See Nowell v. Great Atlantic & Pacific Tea Company, supra, 108 S.E.2d at 891:

The appellant, by its promises, invited the delay and should not complain that the invitation was accepted.

17

The district court stressed the fact that plaintiff was, at all relevant times, represented by counsel. However, plaintiff contends that it was misled on a matter of engineering and not on a matter of law. Consequently, as lawyers have no special expertise in engineering, we think that, in this case, the presence of counsel is of little relevance in determining whether plaintiff reasonably relied on the words and conduct of defendant. United States v. Fidelity and Casualty Co. of New York, supra, 899-900

18

Our conclusion that this may be a proper case for application of the doctrine of equitable estoppel is bolstered by the fact that such application would in no way frustrate the purpose of the statute of limitations. "Statutes of limitation are statutes of repose . . . designed to suppress fraudulent and stale claims from being asserted after a great lapse of time, to the surprise of the parties, when the evidence may have been lost . . . ." Street v.
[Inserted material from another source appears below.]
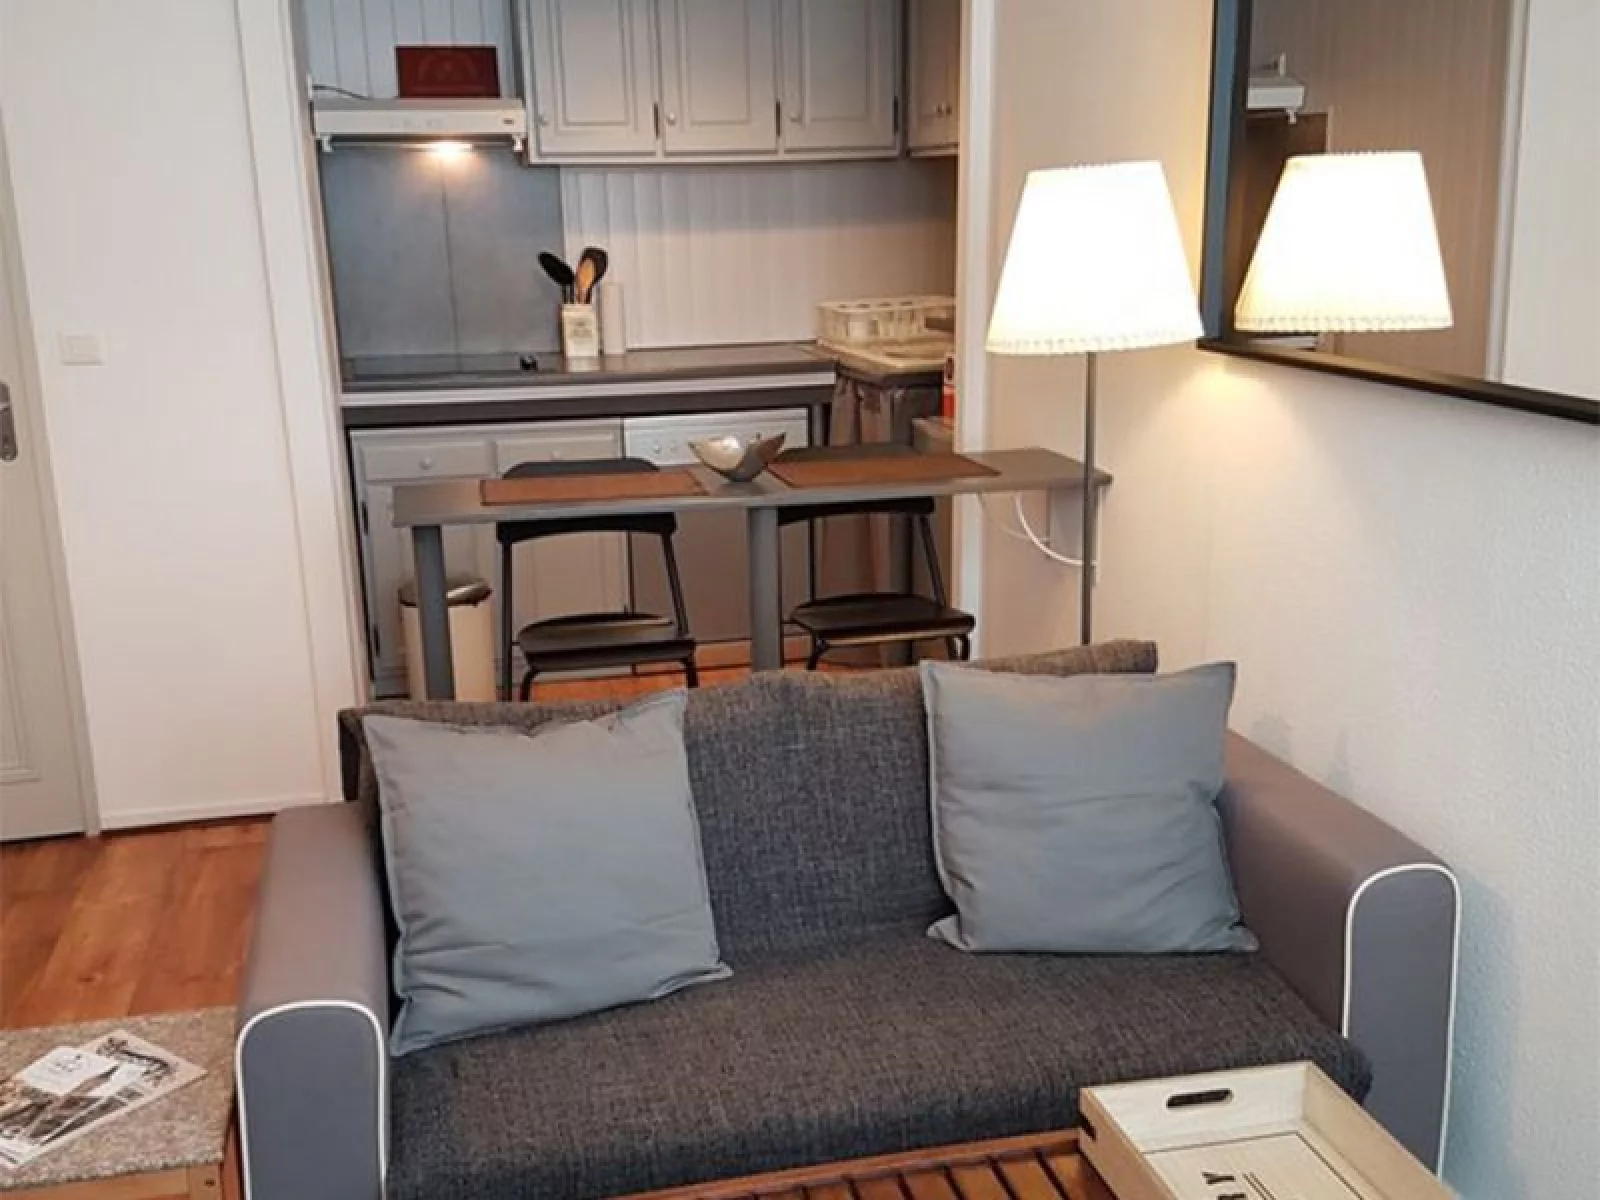 Vente appartement meublé 2 pièces (Bordeaux - Victoire)
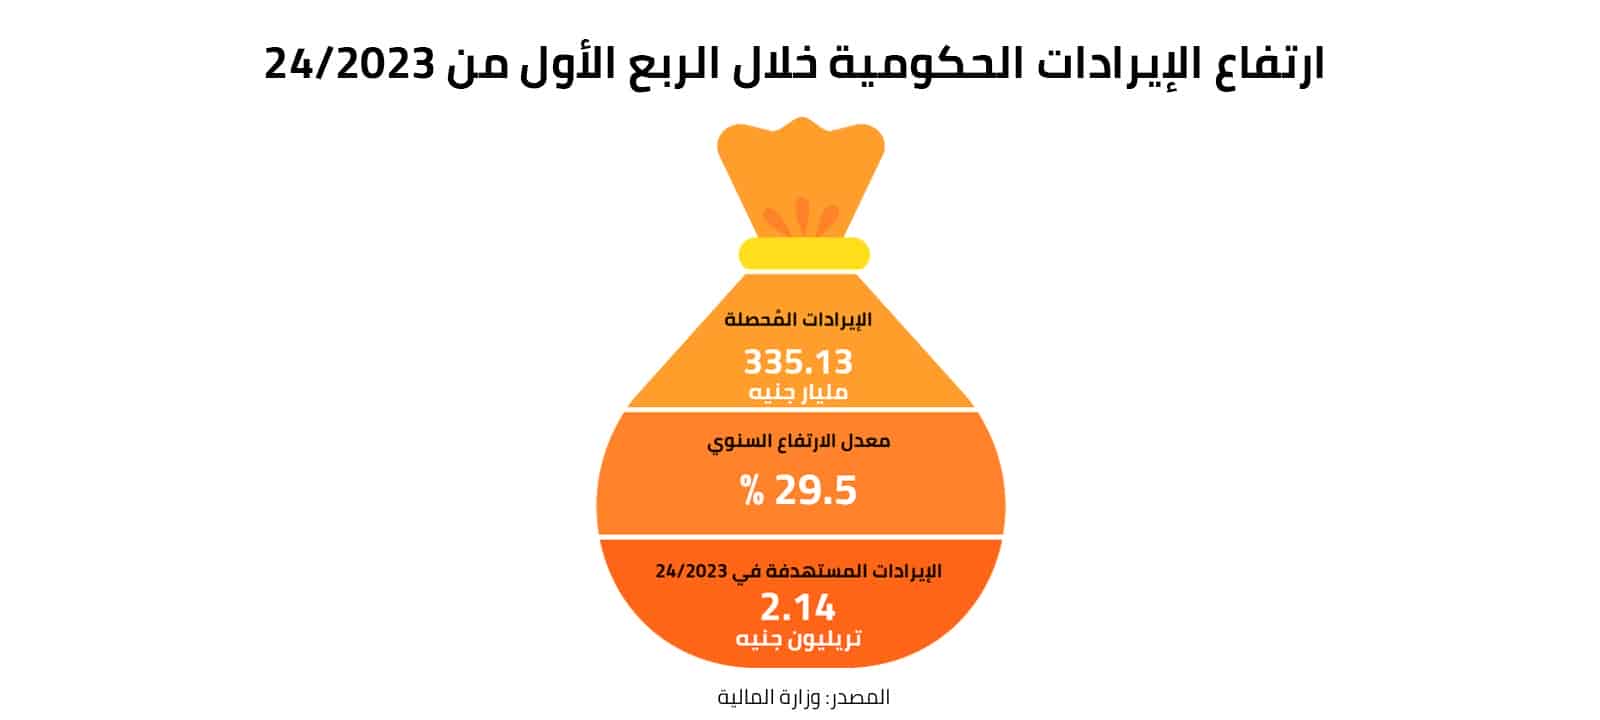 ارتفاع الإيرادات الحكومية خلال الربع الأول من 2023/24

Consumers Mining Corporation, (1946) 185 Va. 561, 575, 39 S.E.2d 271, 277. A four-year period and "time of breach" rule of UCC § 2-725 were designed "to fix a reasonable time after which merchants and manufacturers could destroy their records with respect to the manufacture and sale of an item without fear of being unable to defend against liabilities subsequently asserted." Engelman v. Eastern Light Co., Inc. (1962) 30 Pa.D. & C.2d 38, 1 UCC Rep. 187, 192. See UCC § 2-725, Draftsmen's Comment. However, where an item fails to perform satisfactorily immediately after the sale and the parties engage in extensive and continuing efforts to correct the malfunction, it is unlikely that the pertinent records will be destroyed. Certainly the vendor in such cases cannot claim to have been unfairly surprised when the buyer files suit after it becomes clear that the repair efforts will not succeed

Our conclusion is also reinforced by the belief that refusal to apply the doctrine in cases such as this may encourage premature resort to the courts. Where, as here, a product has been specially designed to meet the buyer's requirements, "start-up" problems are more likely than with more standardized goods. In most cases the manufacturer can correct such problems if given an opportunity to do so. However, a rule that the period of limitations runs from the date of delivery regardless of any repair efforts by the seller would tend to discourage the buyer from providing him that opportunity. In this day of crowded court dockets, reasonable patience should be encouraged in such cases, not discouraged.